Personal information
- Nationality: Canada
- Born: February 25, 1977 (age 49) Montreal, Quebec
- Height: 5 ft 6 in (1.68 m)

Sport
- Sport: Wheelchair basketball
- Disability class: 3.5
- Event: Women's team
- Team: Gladiators de Laval
- Coached by: Marc-Antione Ducharme

Medal record
World Championships
| Gold medal – first place | 2014 Toronto | Team |
| Bronze medal – third place | 2010 Birmingham | Team |
Parapan American Games
| Silver medal – second place | 2007 Rio de Janeiro | Team |
| Silver medal – second place | 2011 Guadalajara | Team |
| Silver medal – second place | 2015 Toronto | Team |

= Elaine Allard =

Canadian wheelchair basketball player

Elaine Allard (born February 25, 1977) is a Canadian 1.5 point wheelchair basketball player who won a bronze medal at the 2010 Wheelchair Basketball World Championship in Birmingham, and gold at the 2014 Women's World Wheelchair Basketball Championship in Toronto.

==Biography==
Elaine Allard was born in Montreal, Quebec on February 25, 1977. She sustained a spinal cord injury in an accident when she was 16. Before her accident she had participated in many sports, most notably swimming and alpine skiing. She works as an account manager at the Royal Bank of Canada. She speaks English, French and Portuguese, and scuba dives. In 2003, she scaled Kala Patthar in the Himalayas.

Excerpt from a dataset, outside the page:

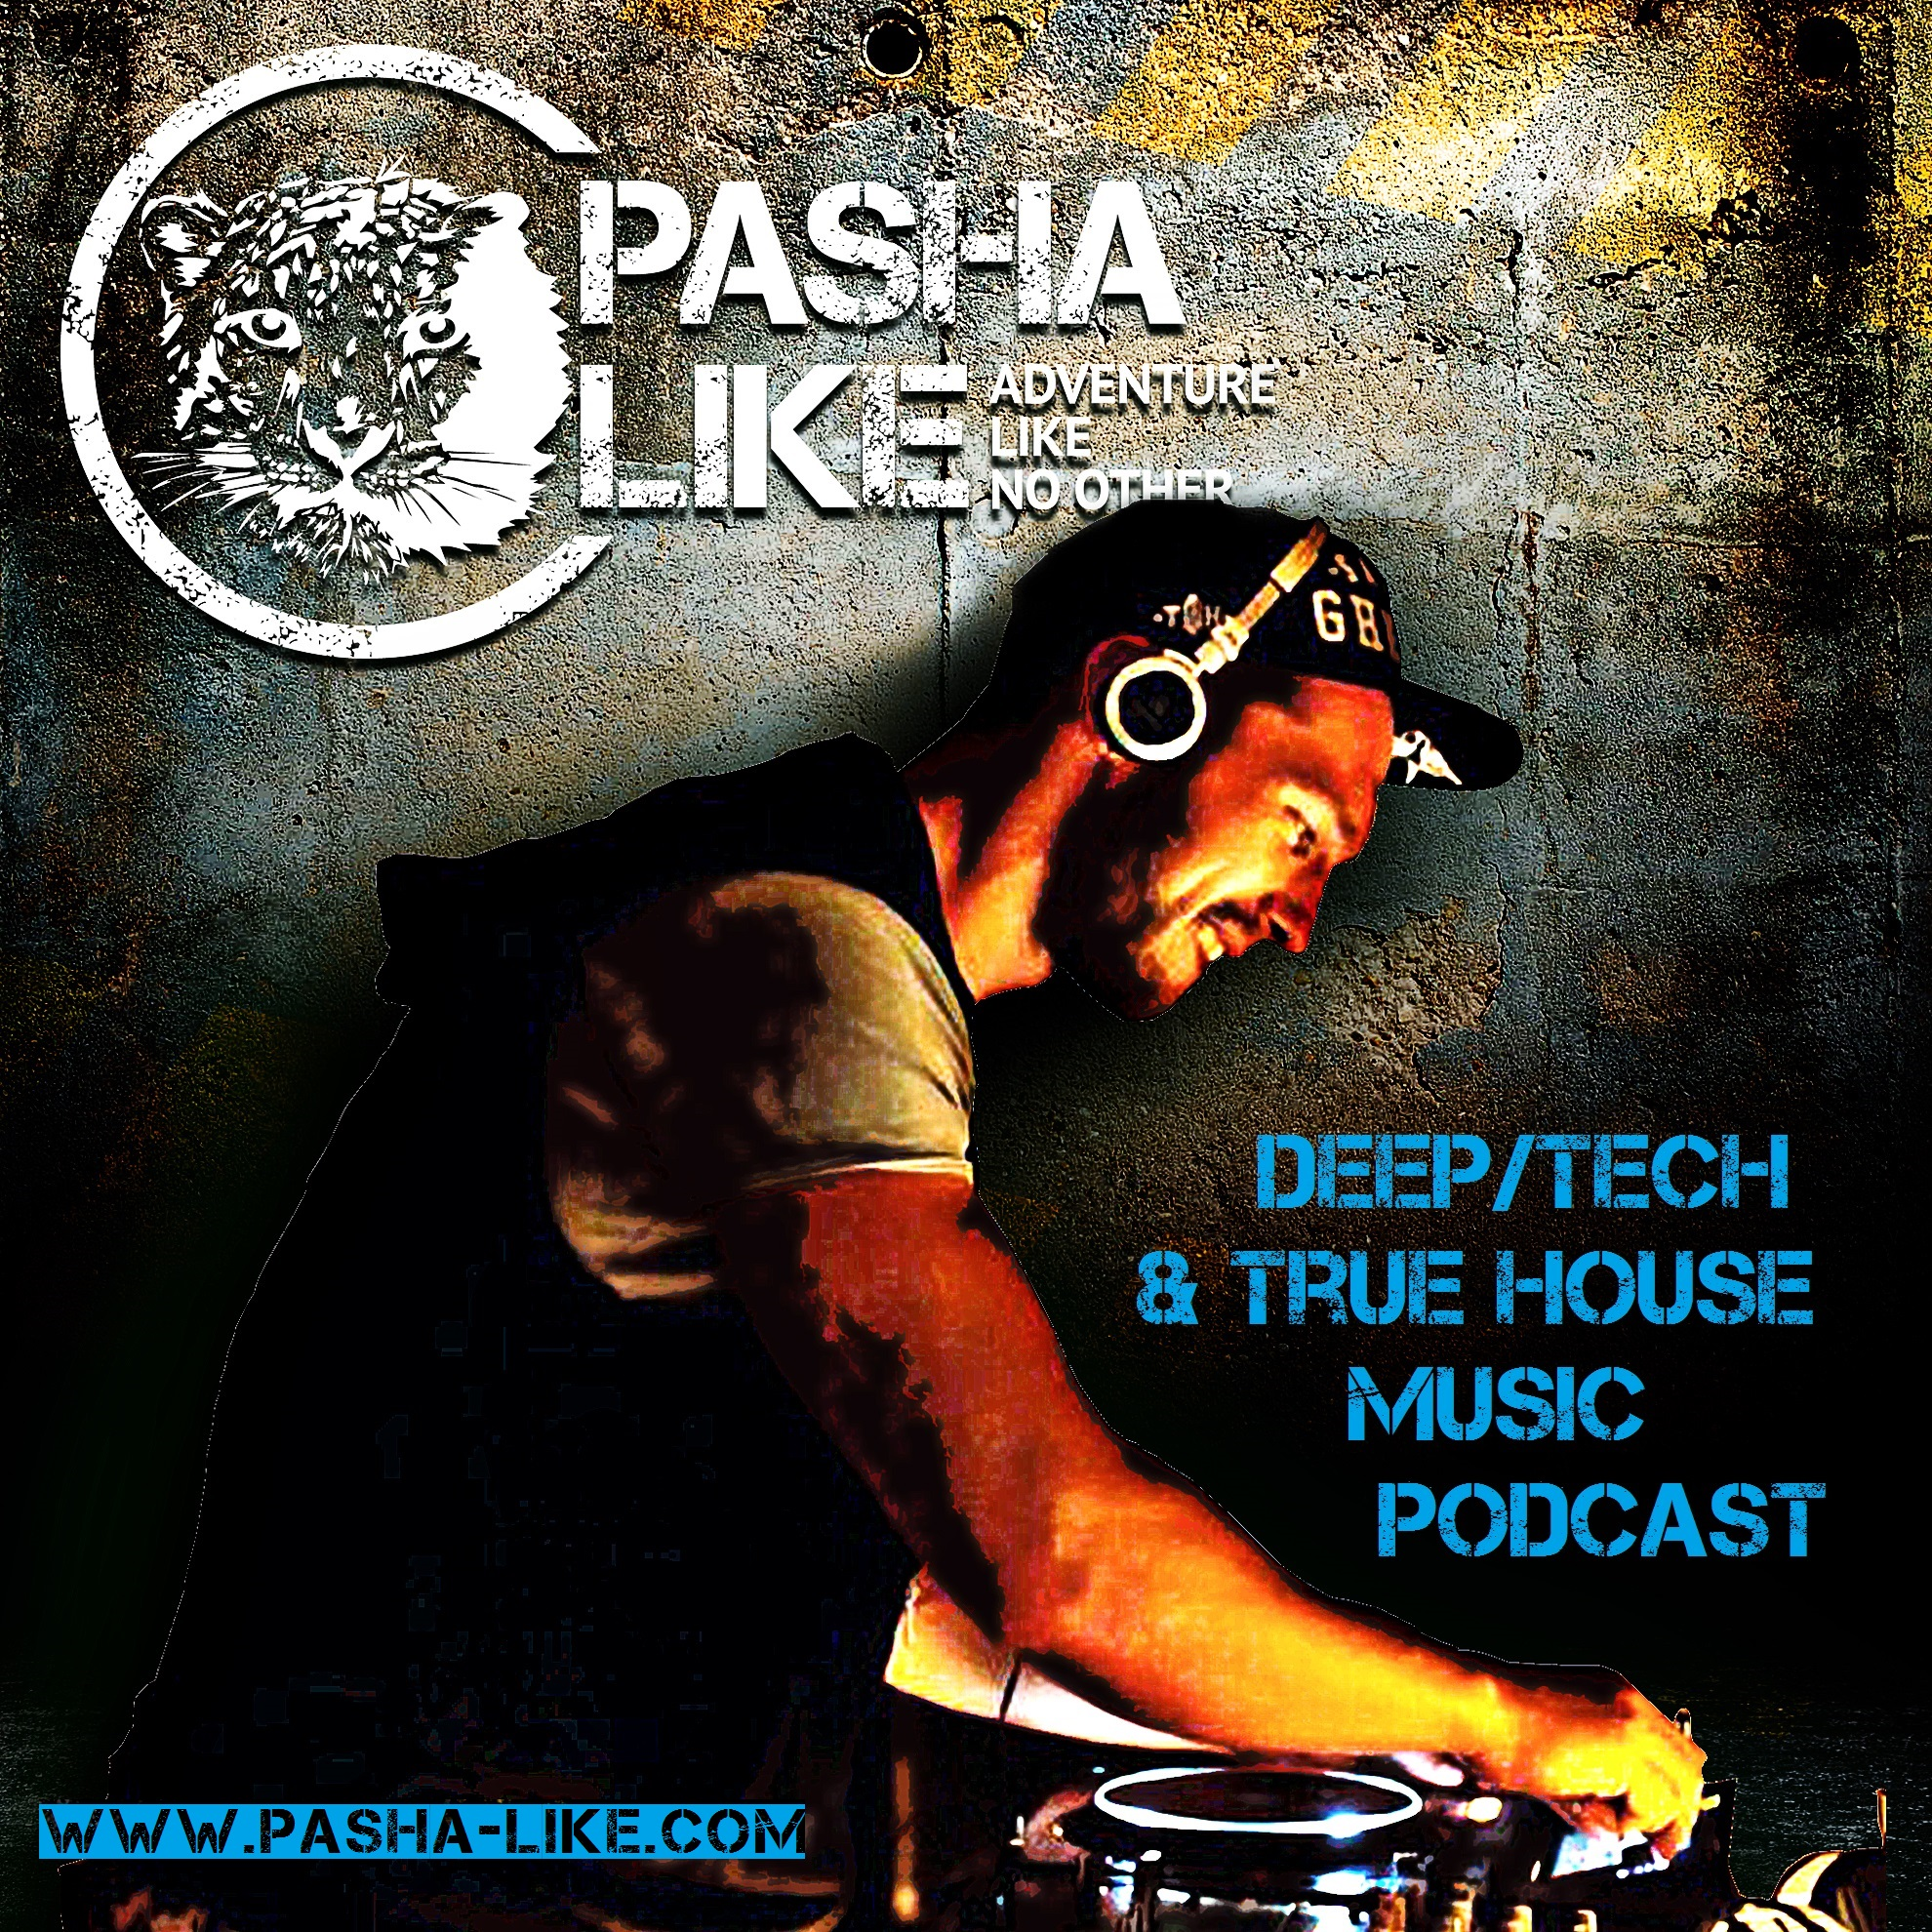 Starting next week: deep, techno & tech-house music with
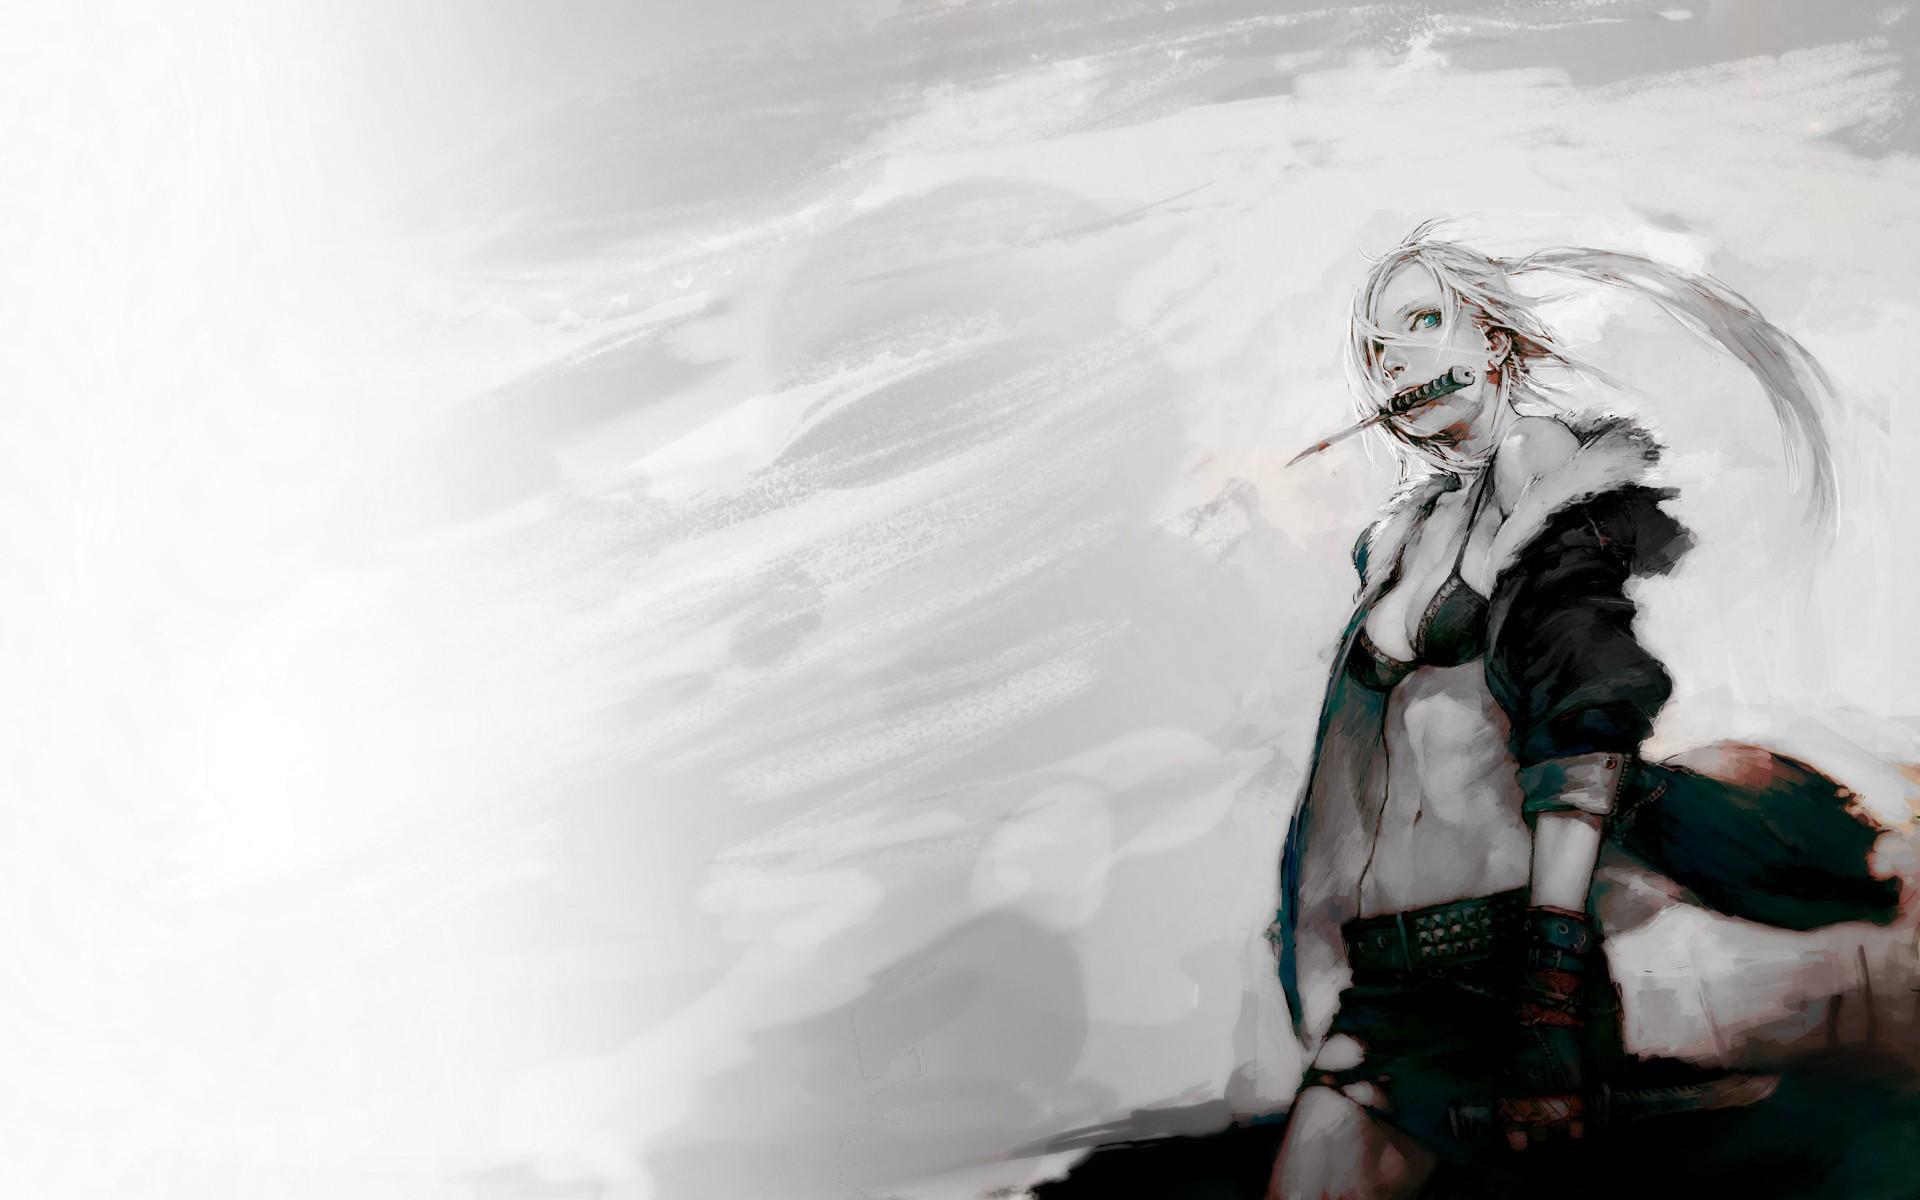 Tapety Vykres Bily Bile Vlasy Anime Divky Modre Oci Zima

Allard took up wheelchair basketball in 1995 as part of her rehabilitation, and within weeks was playing competitively. She is classified as a 1.5 point player. She joined Team Canada in 2007, and played her first international game, against Argentina in a Four Nations tournament in Sydney in 2009, at which Canada won bronze. This was followed by winning silver at the 2010 Wheelchair Basketball World Championship in Birmingham, and then gold at the 2010 BT Paralympic World Cup. She also won silver medals at the 2007 Parapan American Games in Rio de Janeiro, Brazil, and at the 2011 Parapan American Games in Guadalajara, Mexico.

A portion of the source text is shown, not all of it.